Nach einer Dreiviertelstunde gemütlichen Tuckerns mit dem Kanalboot hierher sind wir nun neugierig herauszufinden, was sich hinter dem Camden Lock Market verbirgt. Direkt hinter dem Anleger geht es um eine Ecke und schon stehen wir mittendrin.
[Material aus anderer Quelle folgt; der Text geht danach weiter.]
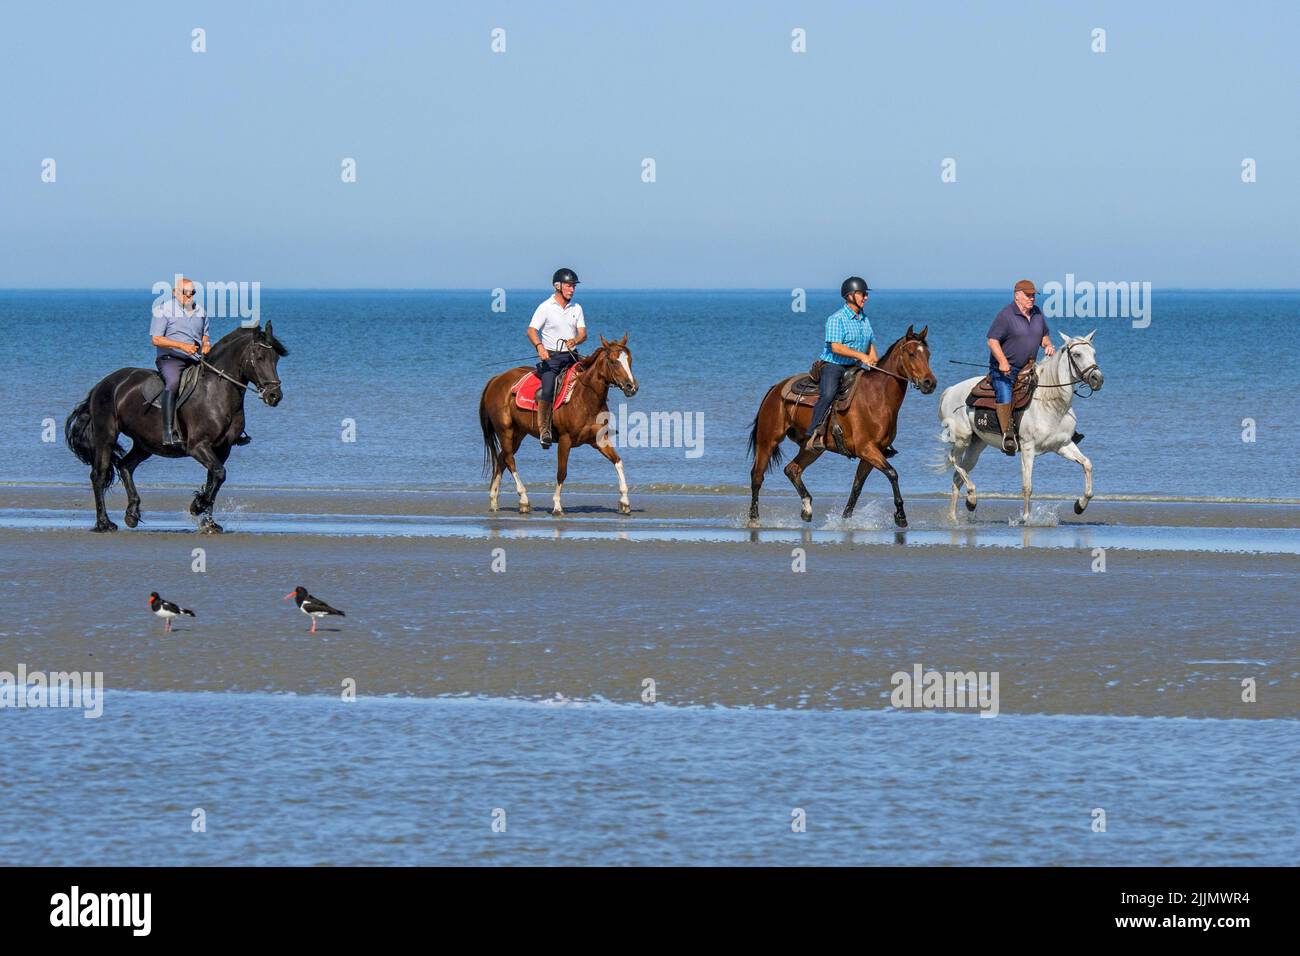 Cuatro jinetes mayores / ancianos / jinetes a caballo a caballo en la playa de arena a lo largo de la costa del Mar del Norte en verano Foto de stock

Und dieser Ort ist einfach… wow!!!

So viel Essen, eine unüberschaubare Masse an provisorischen, selbstgebastelten Street-Food-Ständen, alles zum Probieren, überall Menschen, Geschäfte und Lädchen mit Krimskrams ohne Ende, einfach riesenriesengross! Wir haben gegessen und gegessen und geguckt und gestaunt, Klamotten, Schuhe, Zeug, Leute – crazy!

Ein Labyrinth aus Essenständen. Für jeden Geschmack ist etwas dabei, die Auswahl schier unendlich. Dilemma: man ist immer zu früh satt!

Ein Labyrinth aus Essenständen. Für jeden Geschmack ist etwas dabei, die Auswahl schier unendlich. Dilemma: man ist immer zu früh satt!

Es gefällt uns so gut, dass alle weiteren Pläne für heute spontan hinfällig sind. Verzaubert von der Magie dieses Markts und der Atmosphäre der vielen emsig beschäftigen Leute lassen wir uns mitziehen und stürzen uns mitten in den bunten Trubel.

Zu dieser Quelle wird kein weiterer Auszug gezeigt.